• What this task involves: Copy out the entries that follow exactly, leaving every picture behind.

• Information supplied:
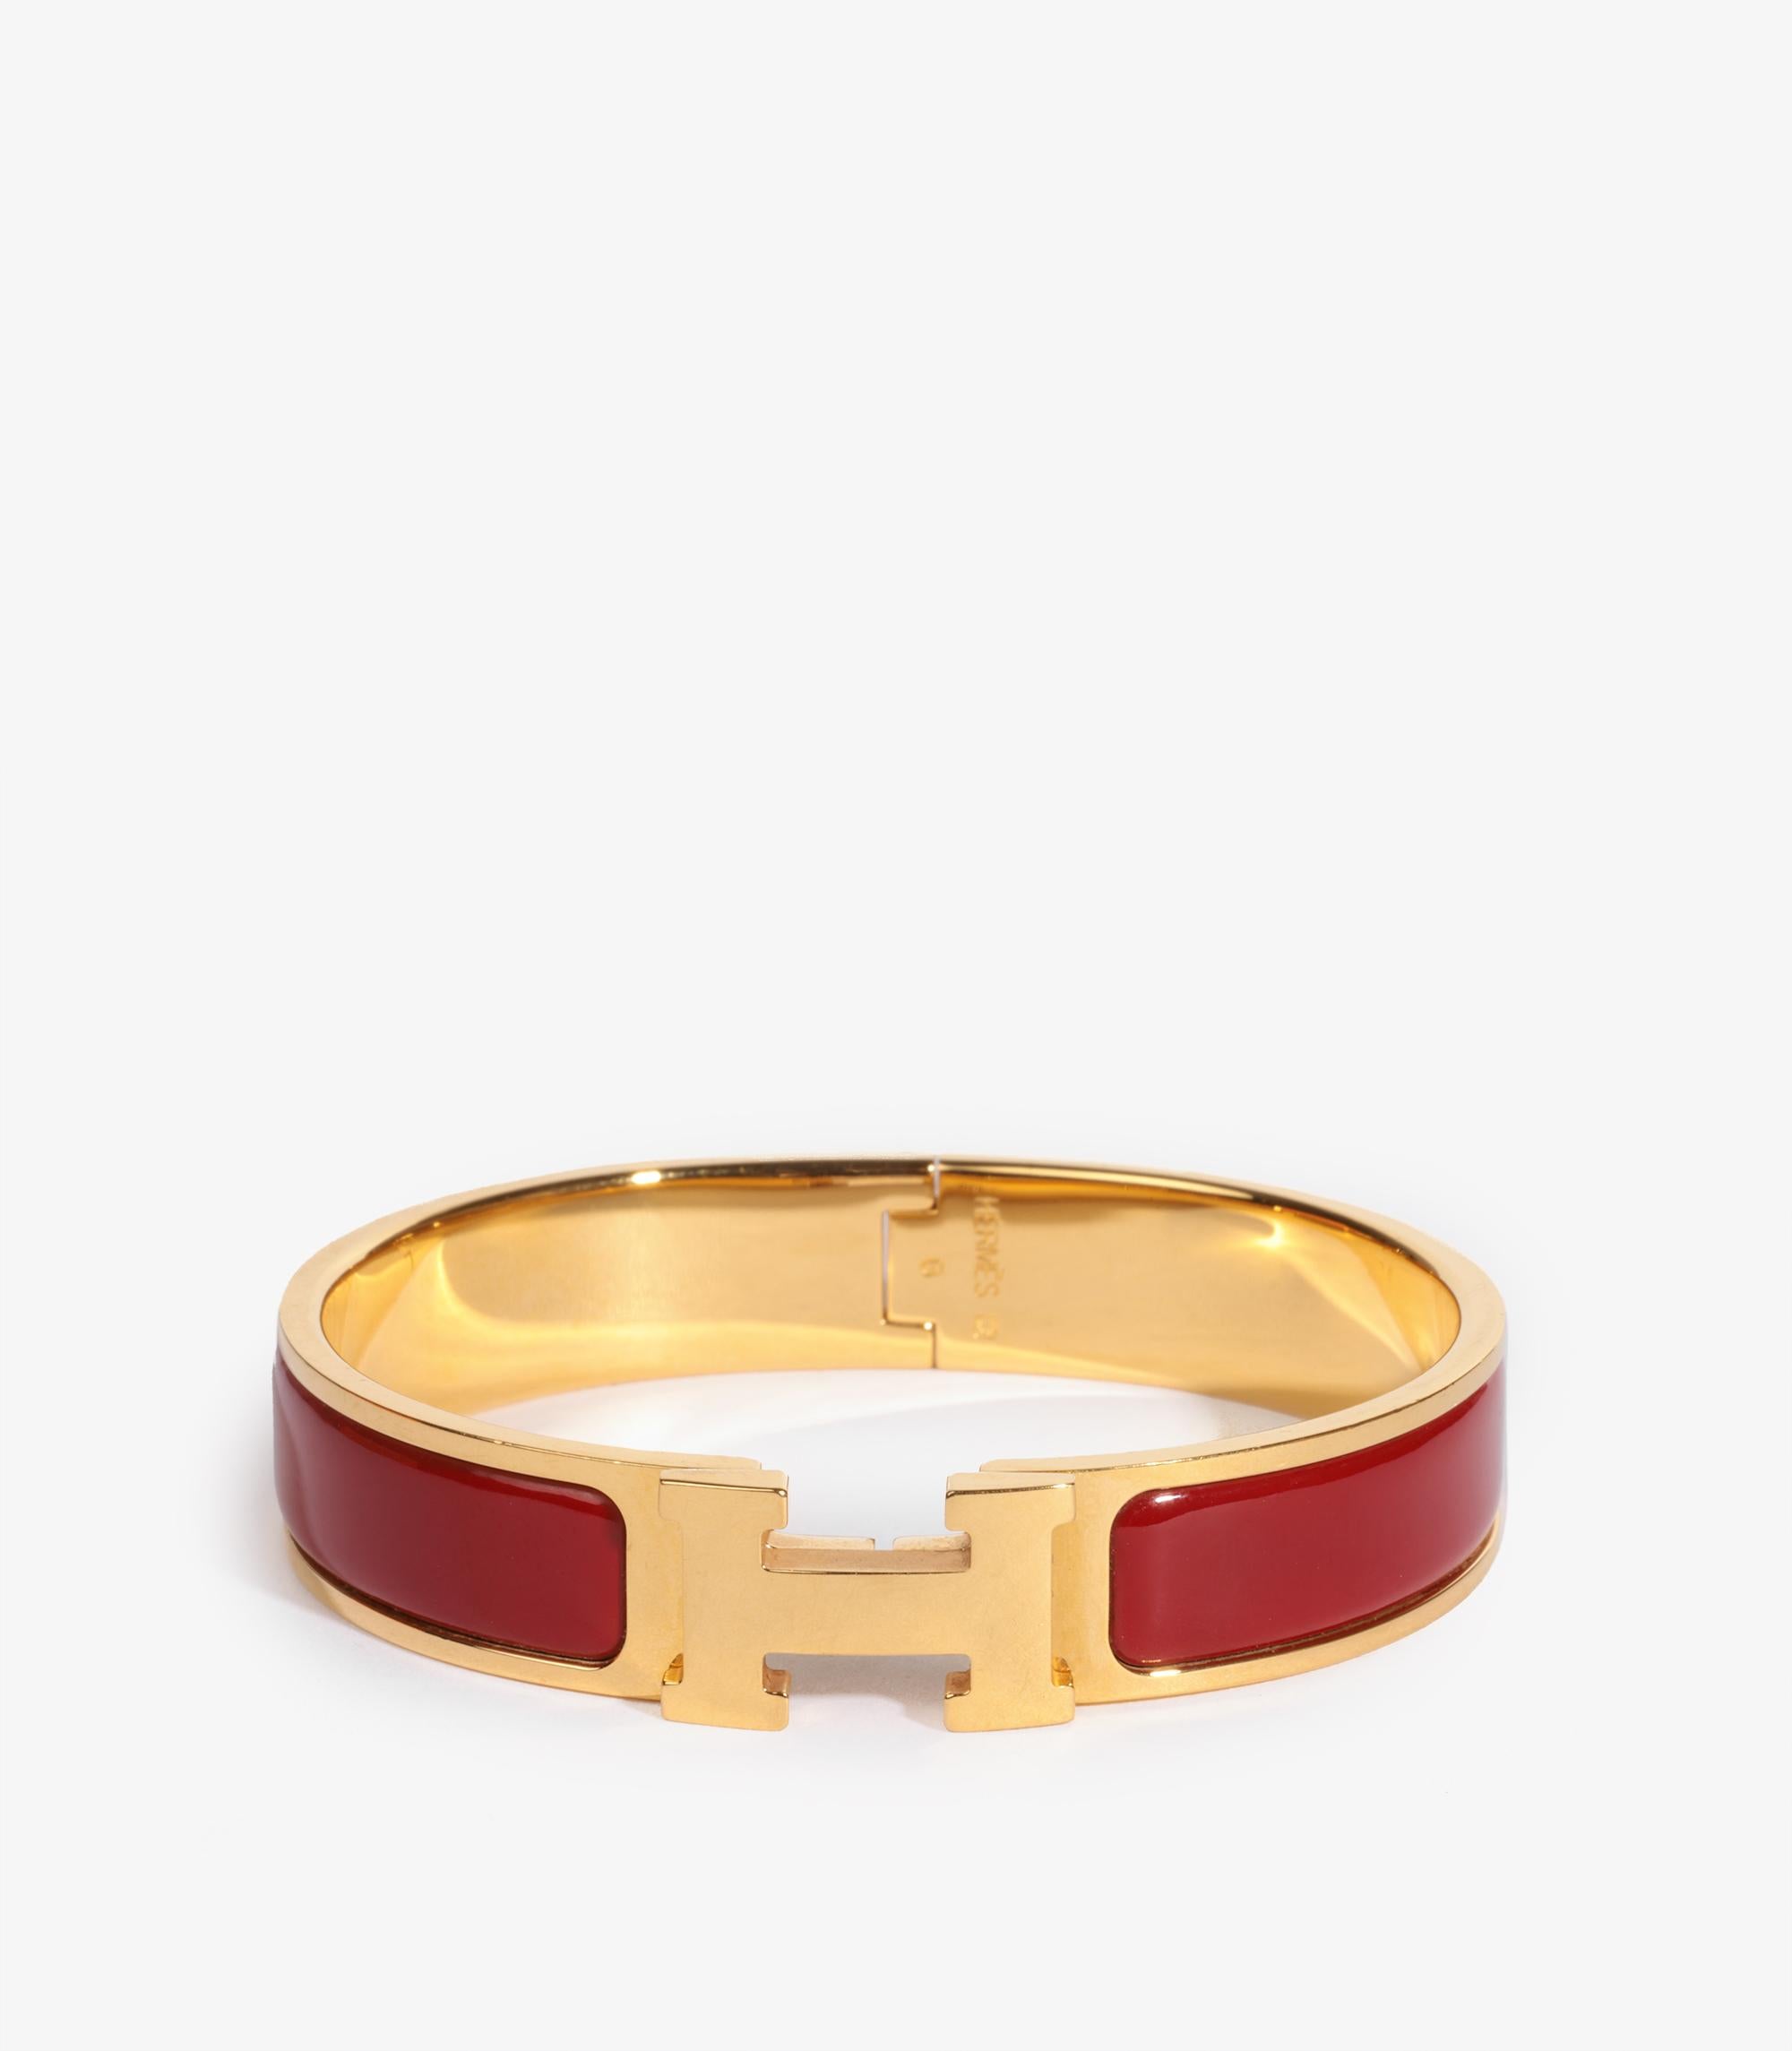 Hermès Gold Plated Rouge PM Clic H Bracelet

Brand- Hermès
Model- Clic H Bracelet
Product Type- Bracelet
Serial Number- *
Accompanied By- Hermès Box
Material(s)- Gold Tone Metal

Bracelet Length- 18cm
Bracelet Width- 1.2cm
Total Weight-

• Solution for this problem:
 Hermès Gold Plated Rouge PM Clic H Bracelet

Brand- Hermès
Model- Clic H Bracelet
Product Type- Bracelet
Serial Number- *
Accompanied By- Hermès Box
Material(s)- Gold Tone Metal

Bracelet Length- 18cm
Bracelet Width- 1.2cm
Total Weight-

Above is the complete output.